-- Data shown follows --
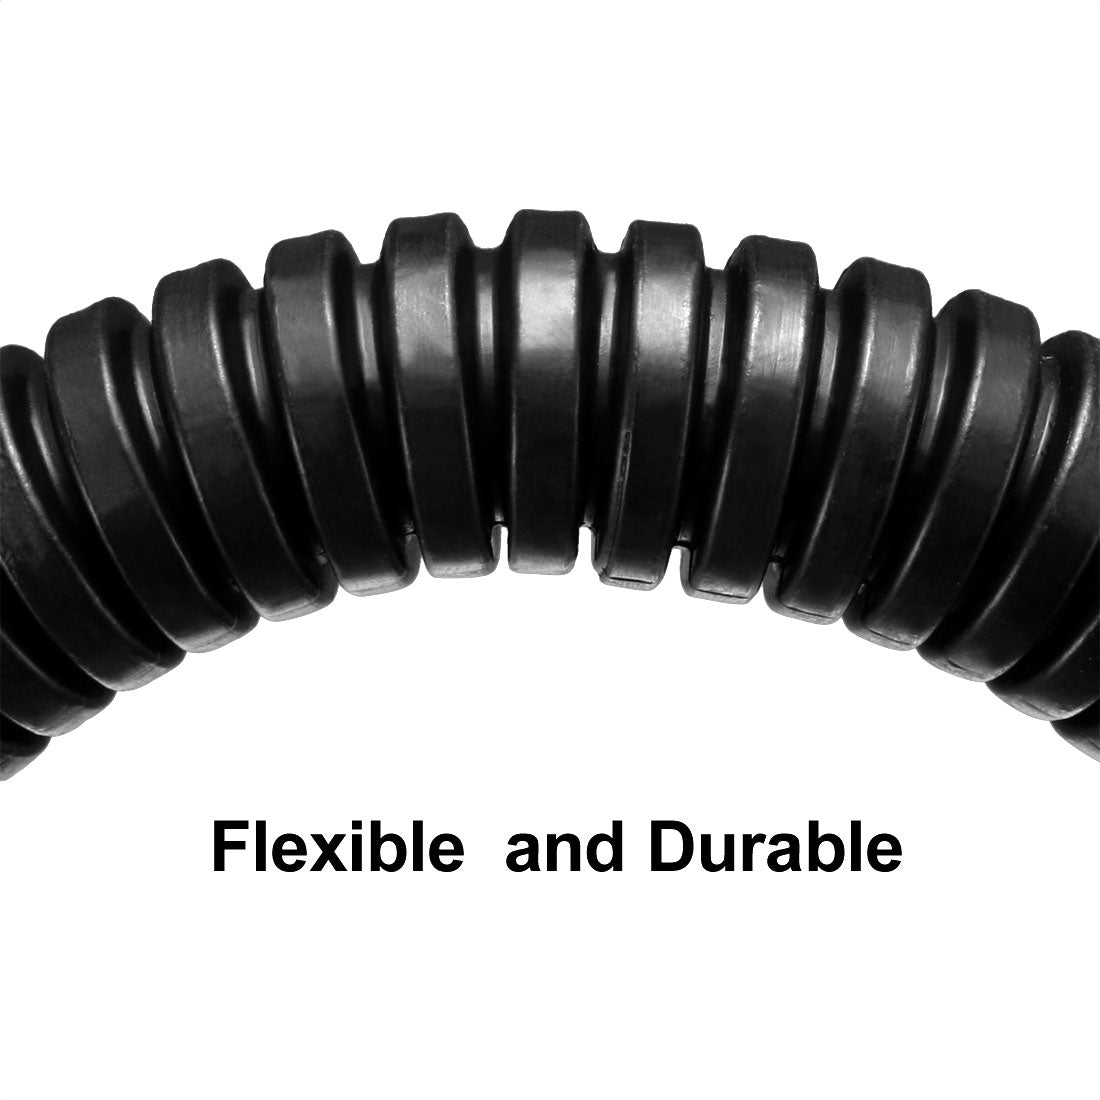 uxcell Uxcell 12.5 M 6.5 x 10 mm PP Flexible Corrugated Conduit Tube for Garden,Office Black
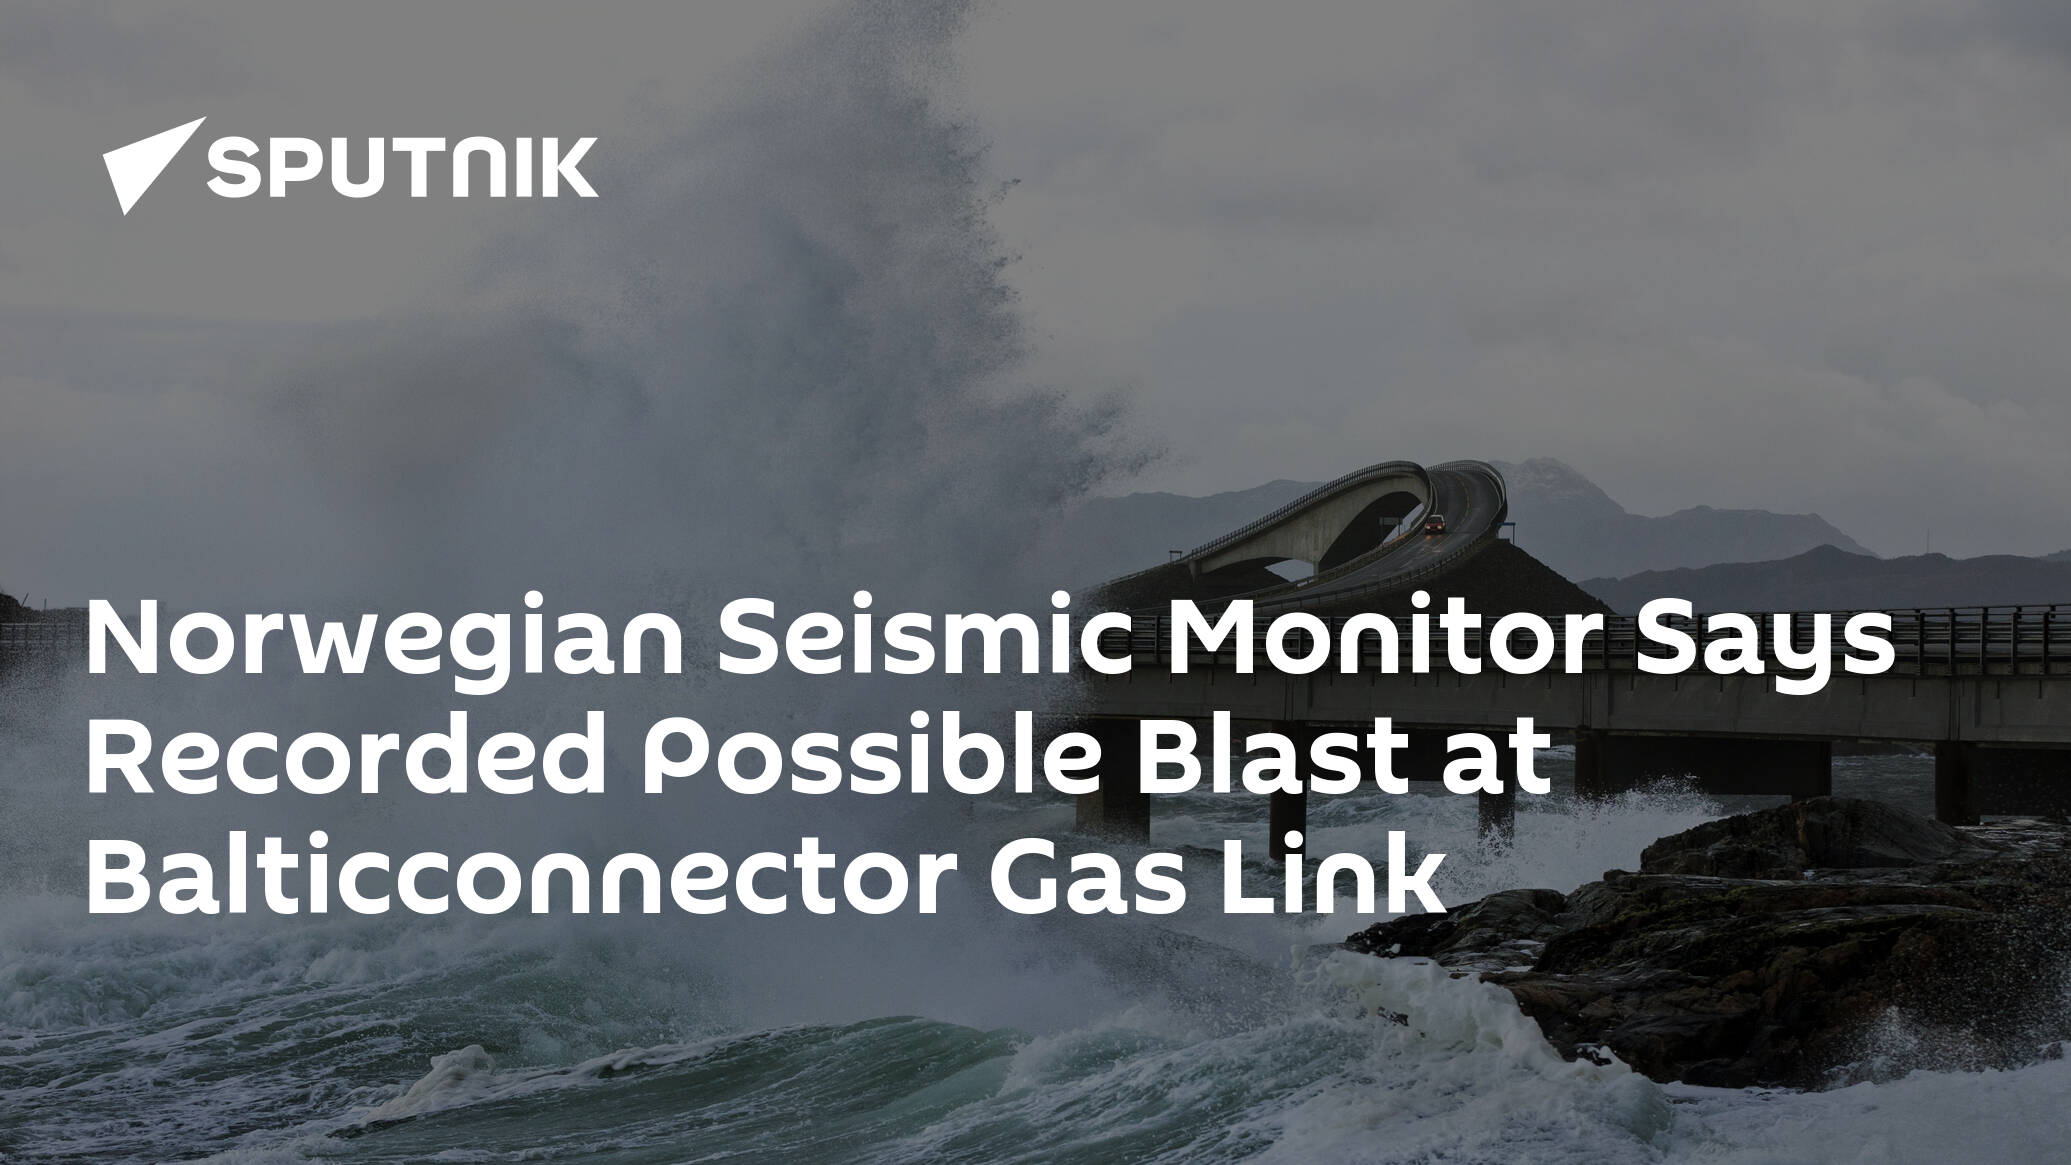 Norwegian Seismic Monitor Says Recorded Possible Blast at Balticconnector Gas Link
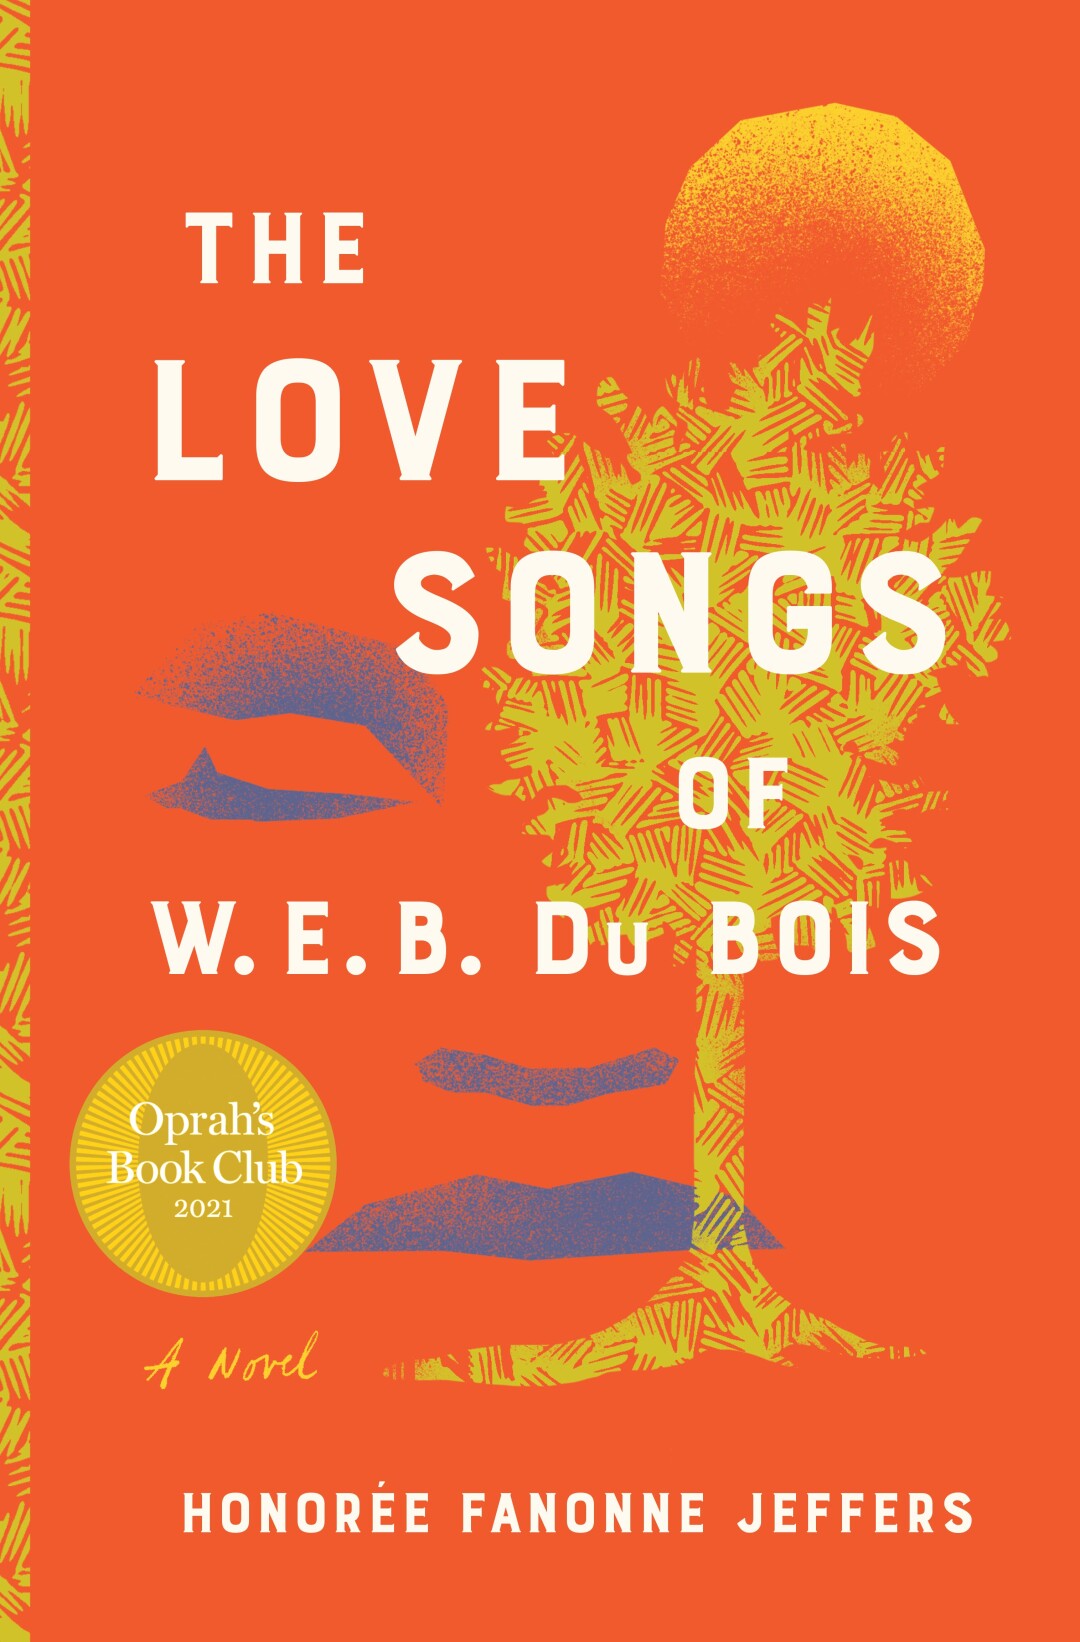 An image of a face and a tree on the cover of "WEB Du Bois Love Songs," by HonorÃ©e Fanonne Jeffers
-- Data shown concluded --
Task to complete: Only the lines from the one containing "Norwegian Seismic Monitor" to the end of the listing belong in the answer, exactly as they stand and with no pictures.

The completed task:
 Norwegian Seismic Monitor Says Recorded Possible Blast at Balticconnector Gas Link
 An image of a face and a tree on the cover of "WEB Du Bois Love Songs," by HonorÃ©e Fanonne Jeffers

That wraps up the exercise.